Position 3 (transformers)
  Input X:  [-0.1334,  0.0027, -0.3410, -0.1478, -0.0307,  0.1240,  0.2642, -0.0063, -0.0856,  0.0626,  0.1602,  0.1385, -0.0427,  0.0122,  0.0991,  0.1081]
  Output:   [ 0.0064, -0.0084,  0.0092, -0.0173,  0.0068,  0.0119, -0.0100, -0.0027,  0.0027, -0.0073,  0.0036, -0.0076,  0.0022, -0.0070, -0.0095, -0.0070]
  Magnitude: 0.5671 → 0.0334

Position 4 (<EOS>)
  Input X:  [-0.1346,  0.0002, -0.0629,  0.3029,  0.0908, -0.1515,  0.0959,  0.0481,  0.0032,  0.0225,  0.1310,  0.0306, -0.1088,  0.0649,  0.0880, -0.0130]
  Output:   [ 0.0039, -0.0068,  0.0098, -0.0136,  0.0031,  0.0090, -0.0086, -0.0027, -0.0003, -0.0044, -0.0029, -0.0062,  0.0060, -0.0048, -0.0036, -0.0115]
  Magnitude: 0.4462 → 0.0280

Parameter Count¶

Multi-head attention has a lot of parameters:

Component	Shape	Count
$W_Q$ (per head)	[16, 8] × 2 heads	256
$W_K$ (per head)	[16, 8] × 2 heads	256
$W_V$ (per head)	[16, 8] × 2 heads	256
$W_O$	[16, 16]	256
Total		1,024

That’s 1,024 parameters just for attention in one transformer block. In GPT-3 with d_model=12,288 and 96 heads, the attention parameters per layer are about 150 million.

What Multi-Head Attention Accomplished¶

We started with embeddings where each position was independent. After multi-head attention:

Each position’s representation incorporates information from previous positions
Two different “perspectives” (heads) contributed to this mixing
The output projection combined these perspectives into a unified representation

The model hasn’t changed the number of positions—we still have 5 vectors of dimension 16. But the content of those vectors is now context-dependent.

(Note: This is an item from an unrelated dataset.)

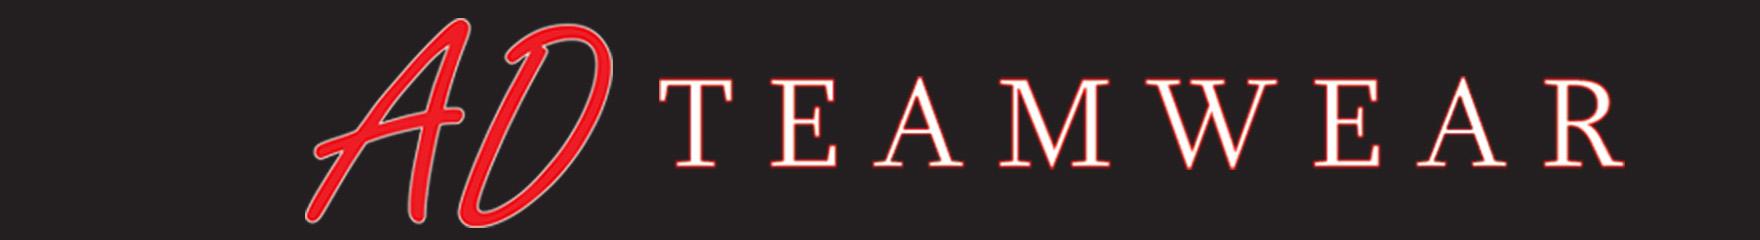 AD Teamwear Banner Retina
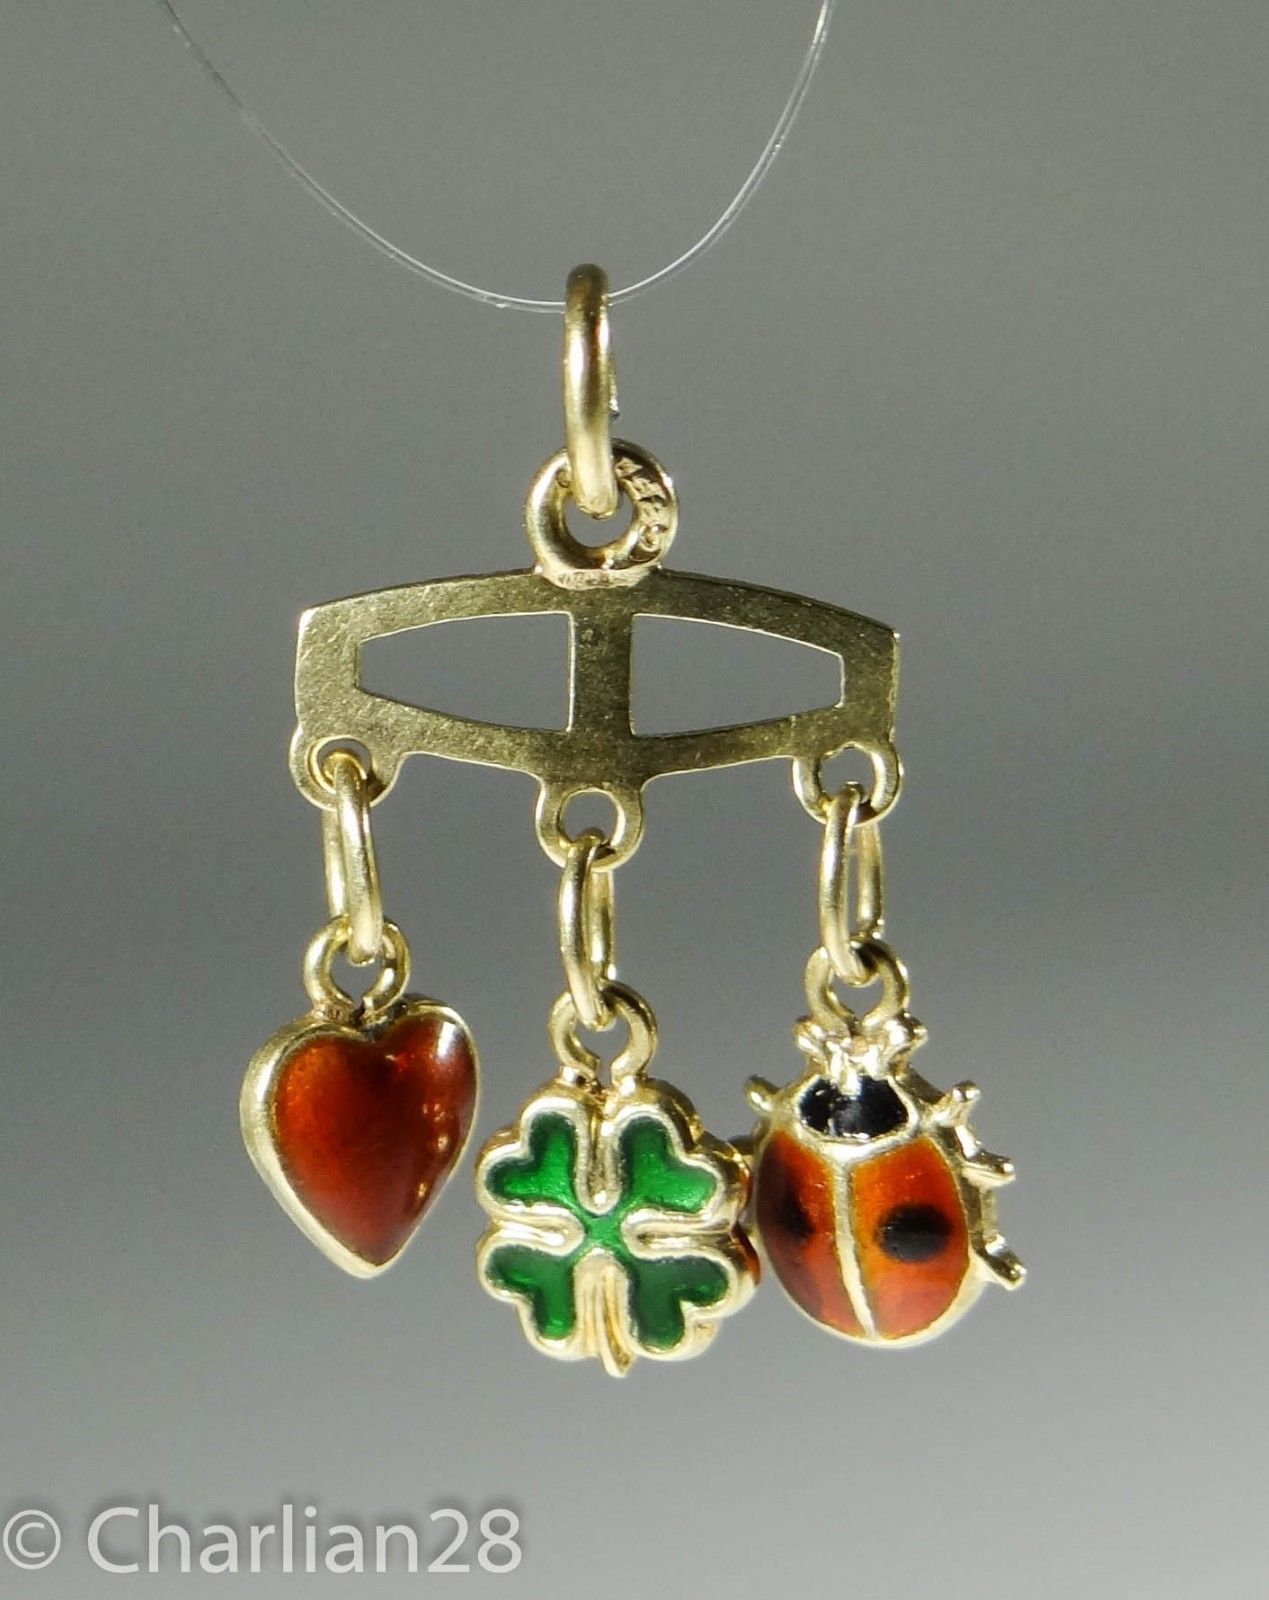 VINTAGE 14KARAT LUCKY GOLD CHARM HEART CLOVER LADYBUG GLÜCKSANHÄNGER 585  A1032 | eBay

This is the fundamental innovation of attention.

What’s Next¶

Multi-head attention is done. But we’re not finished with the transformer block.

Next comes the feed-forward network (FFN)—a simple two-layer neural network applied to each position independently. Where attention lets positions communicate, the FFN lets each position process the information it’s gathered.

# Store for next notebook
multi_head_data = {
    'X': X,
    'tokens': tokens,
    'multi_head_output': multi_head_output,
    'W_O': W_O,
    'concat_output': concat_output
}
print("Multi-head attention complete. Ready for feed-forward network.")

Multi-head attention complete. Ready for feed-forward network.